Между прочим, семейные воспоминания о рационе питания предков свое «черное, антисоветское дело» сделали. Именно дедушкин гусь породил во мне первое личное сомнение в неоспоримости марксизма-ленинизма. В полное же отрицание это переросло в середине 1980-х, когда на наши прилавки стали выкидывать колбасу, в основном одного — особого, социалистического сорта. Ее рецепт отнесли к разряду важнейших государственных секретов.
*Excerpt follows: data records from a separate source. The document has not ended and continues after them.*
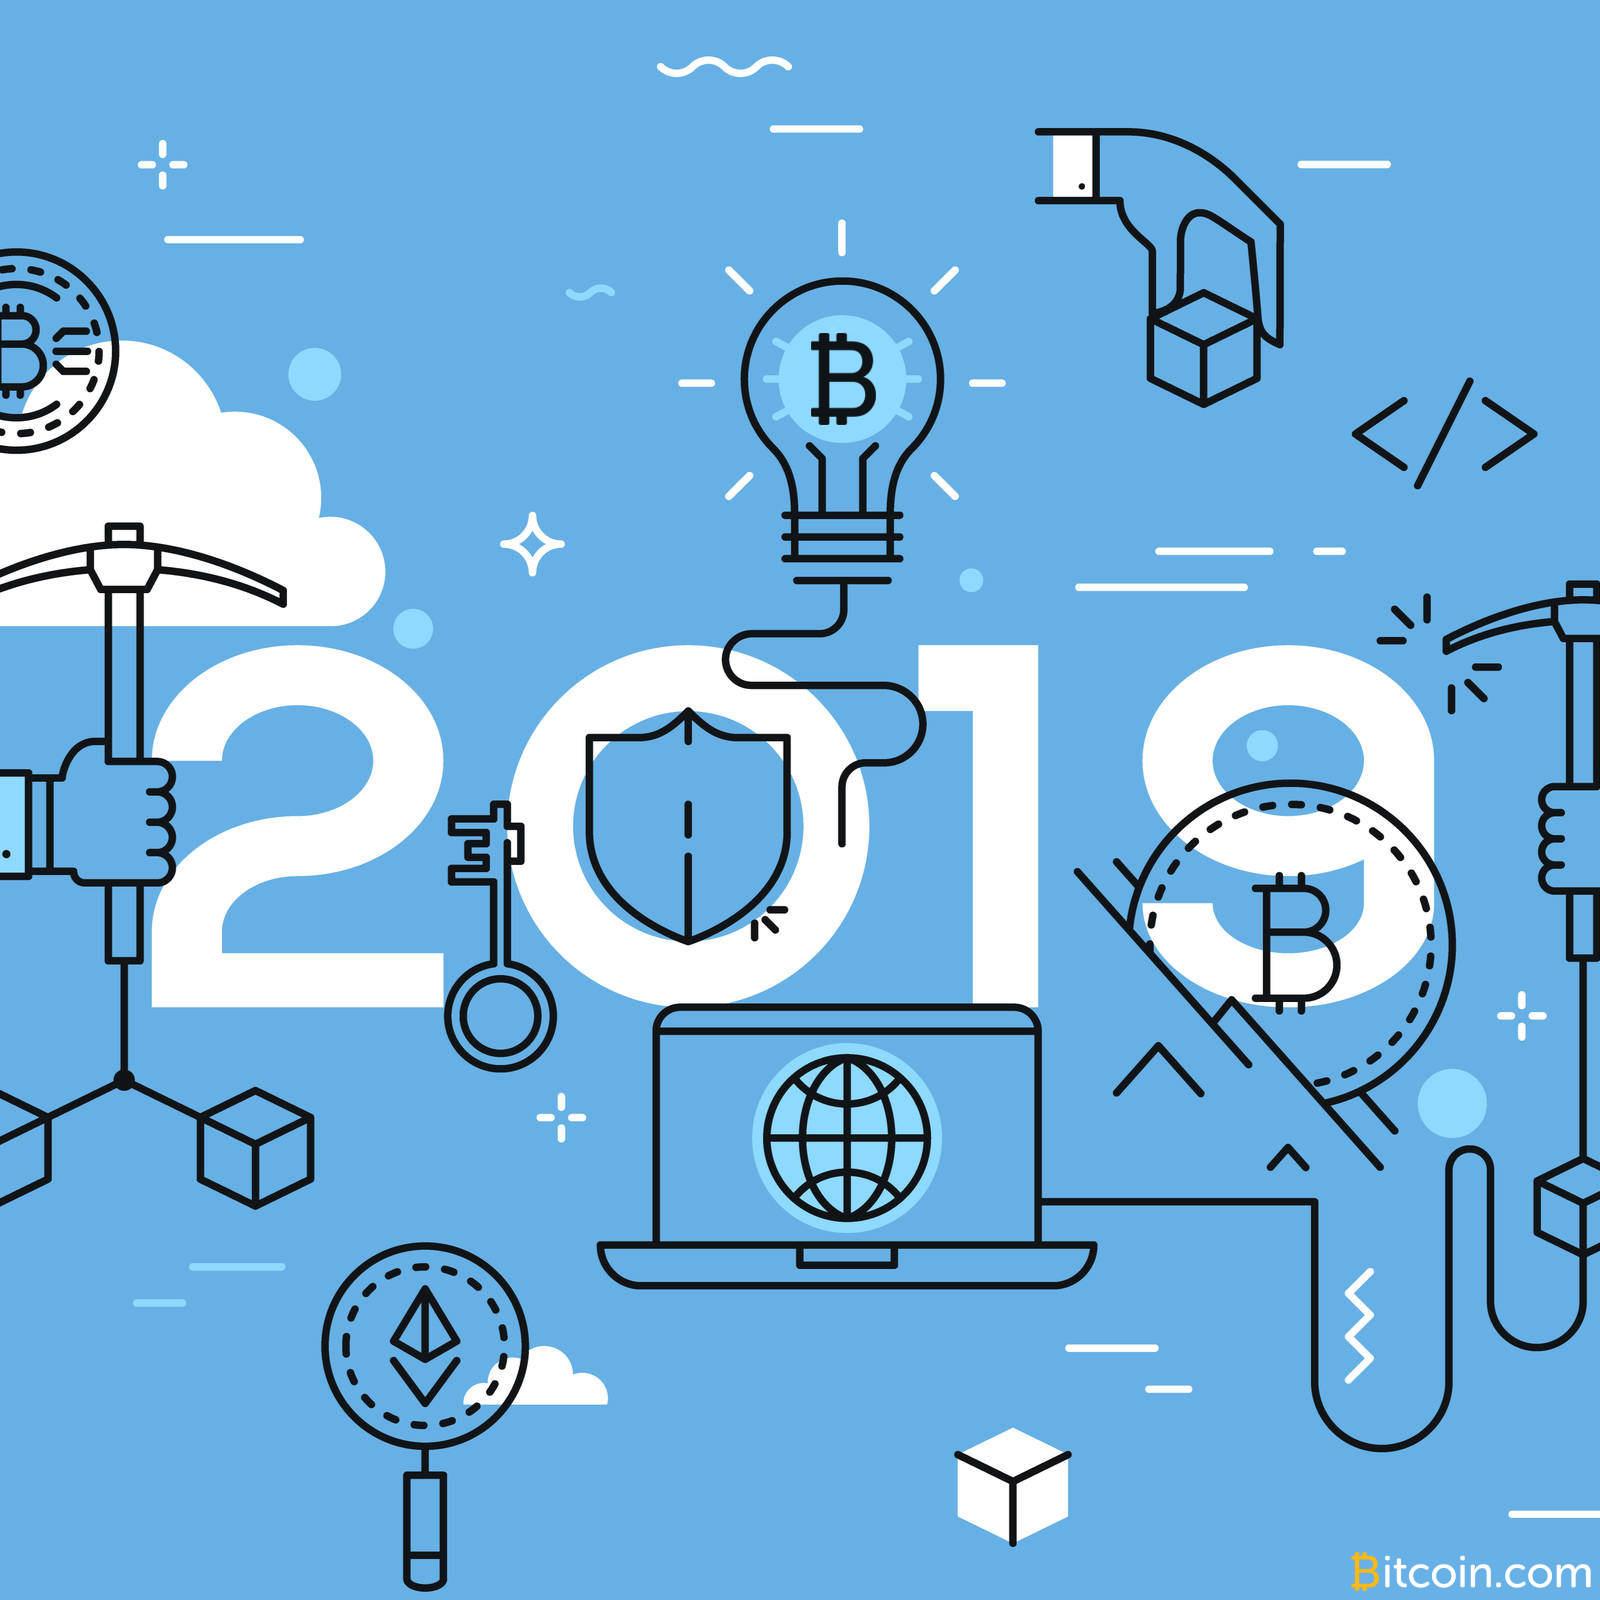 هفت چشم انداز اصلی صنعت بلاک چین و رمز ارز ها در سال ۲۰۱۹
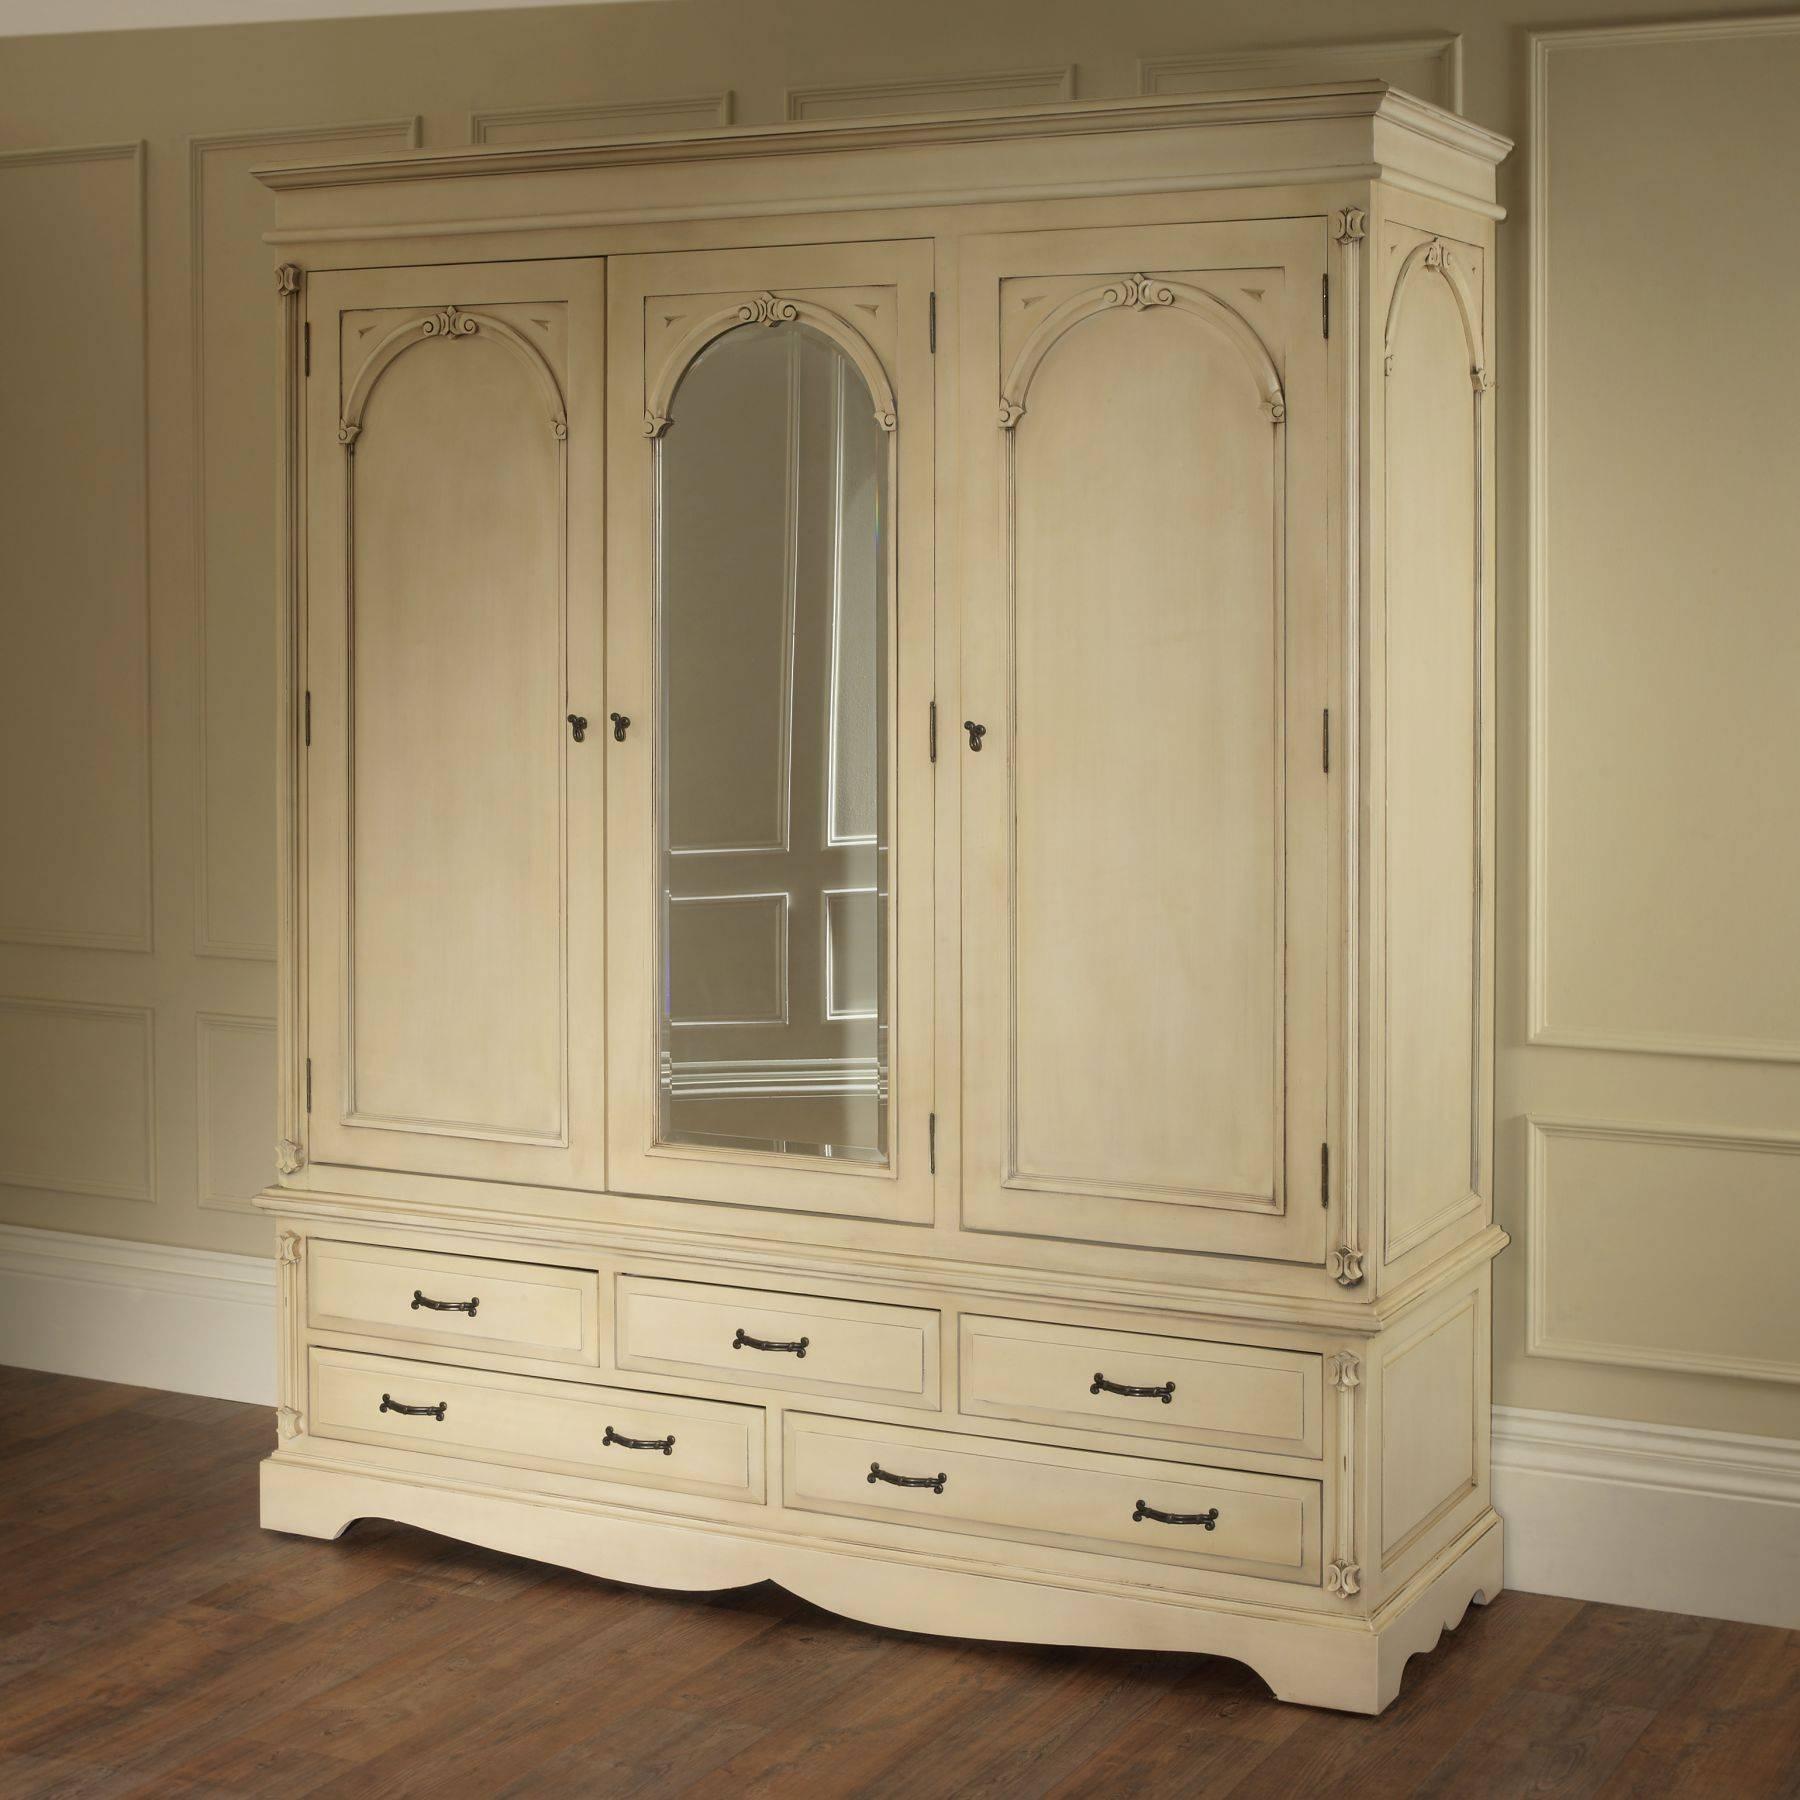 Design For Bedroom Wardrobes Wardrobes Wardrobe Designs Modern inside Antique White Wardrobes (Image 8 of 15)
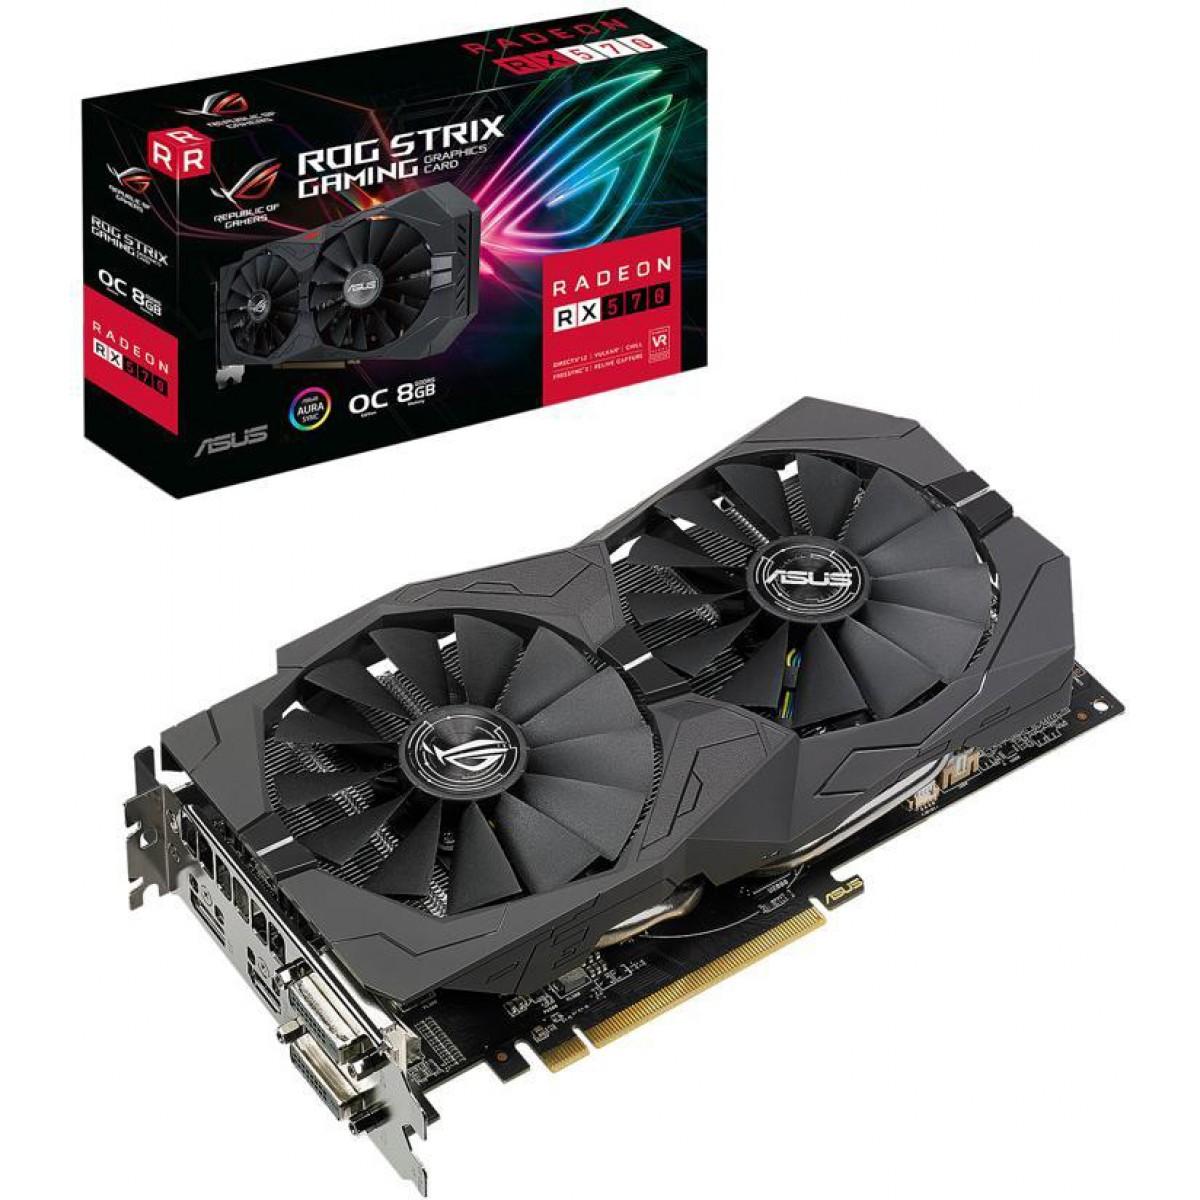 Placa de Vídeo Asus, Rog Strix Radeon, RX 570 OC, Dual, 8GB, GDDR5, 256Bit, ROG-STRIX-RX570-O8G-GAMING
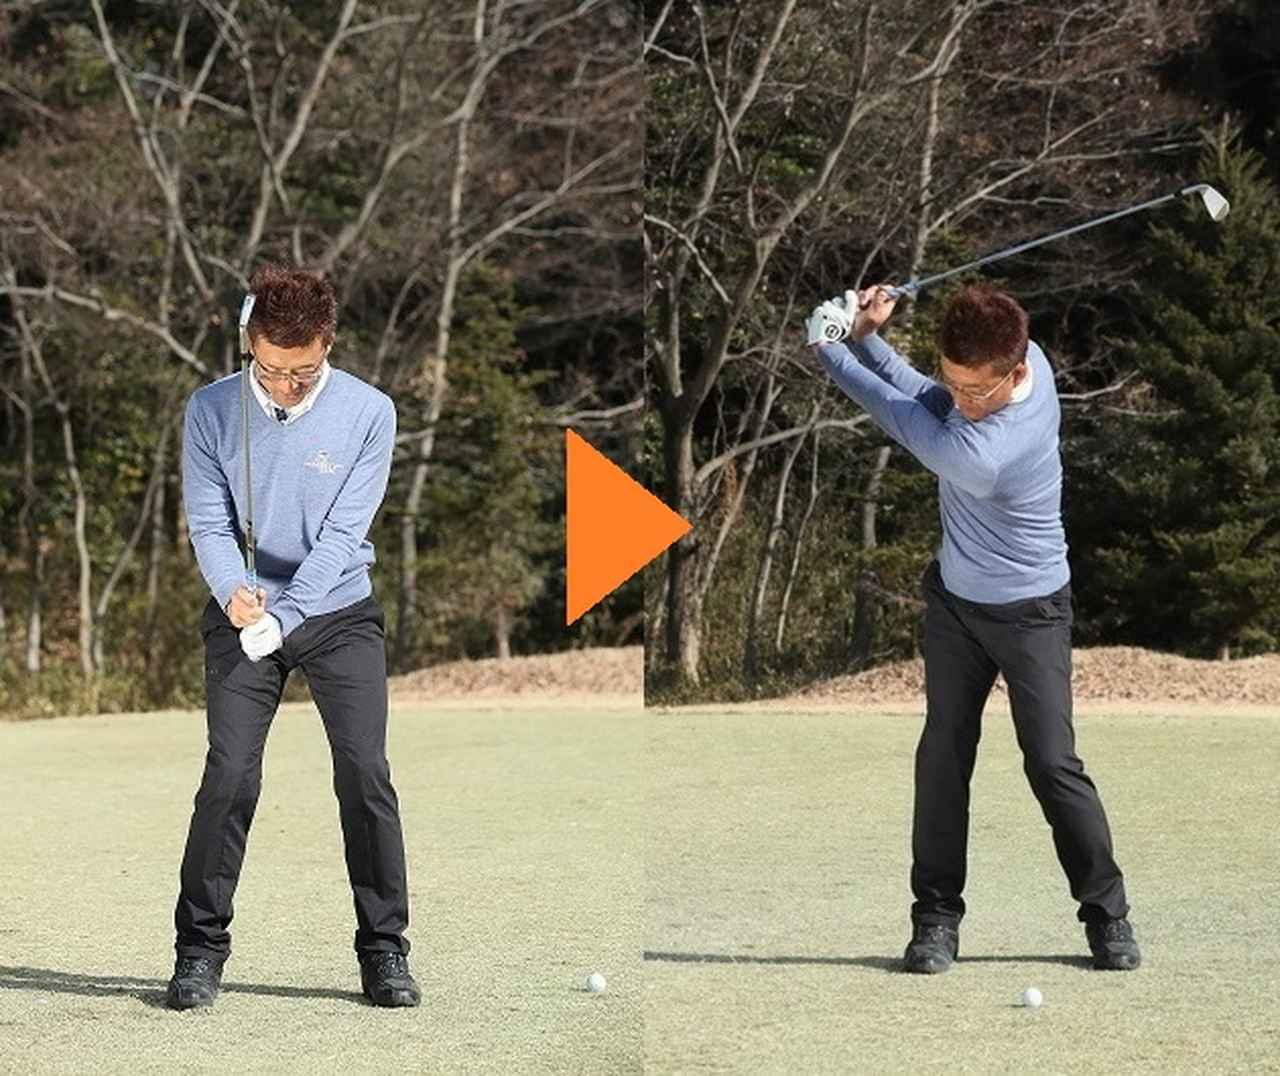 画像: これが「最新」テークバック! やさしくなったレッドベターの新理論「Aスウィング」 - みんなのゴルフダイジェスト

И хотя ее сомнительные вкусовые качества для массового дегустатора — простых советских граждан такой уж непроницаемой тайной не являлись, завесу приподняли только в период перестройки и гласности. Оказывается, мясная составляющая в той все равно перманентно дефицитной колбасе не предусматривалась принципиально. В состав наполнителя лучше было не углубляться. В прессе проговорилось, что за эту выдающуюся «кашу из топора» целый коллектив изобретателей — специалистов по рациональному питанию получил весьма престижную премию Совета министров СССР.
Церемонию награждения в телепрограмме «Время», разумеется, не показывали. Как и длиннющие продуктовые очереди, в которых основные потребители «съедобного картона» проводили полжизни.
В дореволюционной же «Праге» — и парное мясо, и французское шампанское, и привезенные из-за границы фрукты — все было исключительно натуральным. Публика собиралась тоже самая достойная. В завсегдатаях — если детализировать — числились военные в чинах (в основном преподаватели расположенного неподалеку Александровского училища и офицеры штаба МВО), солидные юристы, врачи, крепкое купечество, представители творческой интеллигенции. Последние облюбовали «Прагу» для своих коллективных торжественных застолий. Скажем, только здесь в память об основателе Московской консерватории ежегодно проводились знаменитые «рубинштейновские обеды». В 1901 году, после успешной премьеры «Трех сестер» мхатовцы чествовали А.П. Чехова. А в 1913 году литературная Москва устроила умопомрачительный банкет в честь посетившего Россию исключительно популярного в те времена бельгийского писателя Эмиля Верхарна. В том же году в «Праге» состоялось чествование великого русского художника Ильи Ефимовича Репина. За него тостовали по случаю успешного восстановления его знаменитой картины «Иван Грозный и его сын Иван», казалось бы безнадежно до того изрезанной душевнобольным старообрядцем.